Q: What do you stress over MOST?
A: I have a growing intolerance for willful ignorance. And I stress more than I should over bad service at restaurants and retail establishments. I — of course — stress over my kids. Am I doing what I should be and all I can do for them? Am I doing too much? Pushing too hard or too little? Should I say yes or no? Are they safe? I stress over my weight. I want to lose weight for ONE reason: to not think anymore about how I look in jeans. Honestly… I just want to stop stressing over what to wear. Unfortunately, it hasn’t been ENOUGH of a motivator to keep me away from the peanut butter. =) I stress over my marriage when things aren’t right in that department. I stress over my dogs if something’s wrong and I don’t know what it is.
Q: What do you MOST enjoy doing when you’re not at work?
A: I LOVE “slow country nights” at home. This morning, my Mister and I walked the garden with our coffee and assessed its progress. Loved every minute of it. I love watching Secrets and Lies with Shelbey and listening to her talk about her days in long-winded detail. I love talking with Summer and her friends and hearing their perspective on life and boys and school and makeup. I love the closeness I have with my CJ and our time in the car together to / from practice. I love that my nephew simply calls me “Aunt” and my heart soars when he texts me and asks to come over to stay the night or the weekend. He knows he doesn’t have to ask, but I love that he still loves being here. I love hearing Kenzy call me “Aunn-ie” and love her snuggle time and listening to her read. I love my bath time, reading, and dreaming about my business. My girls and I have a nightly routine that is just precious to me. I love great restaurants and really love doing my makeup.
Q: What one thing would you change about your business?
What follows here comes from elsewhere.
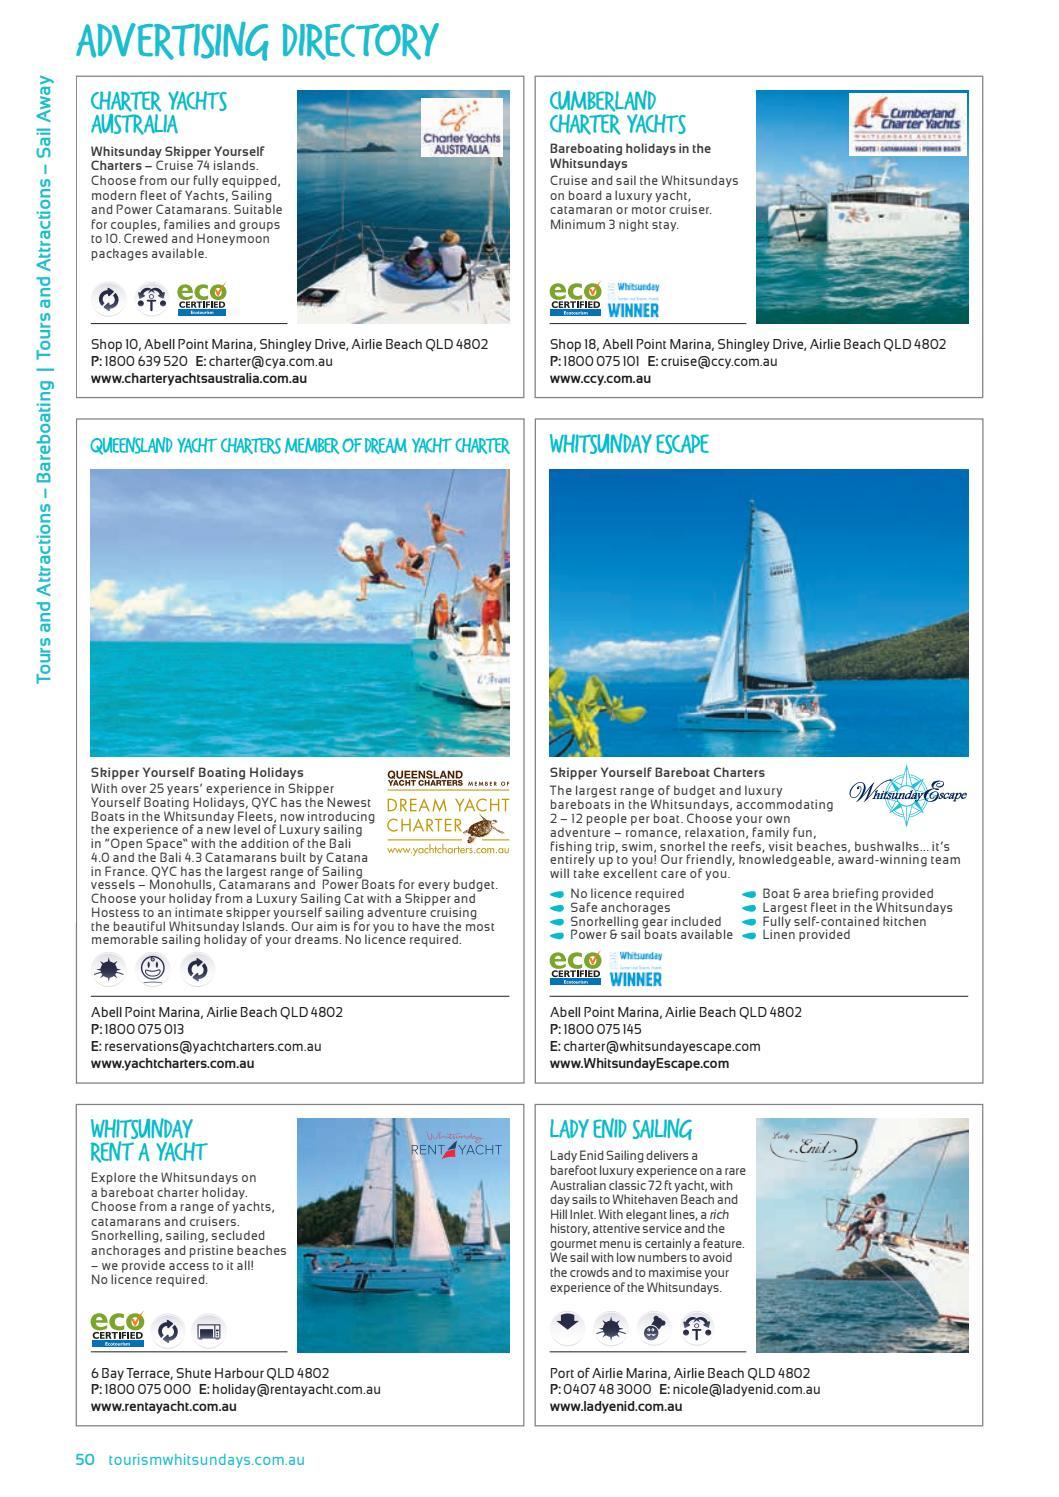 Whitsunday guide 2017 by Vink Publishing - issuu

A: Years ago, back in about 2000, I saw this website that helped people transition from JOBs to being business owners. It’s still a great site, check it out here. I thought, “MAN, I wish I’d thought of doing something like that.” As if there was room ONLY for 2 sites, I thought I’d missed my big opportunity. =) Essentially, I wish I’d gone big in the direction of my dreams much sooner. Much bigger. Much sooner.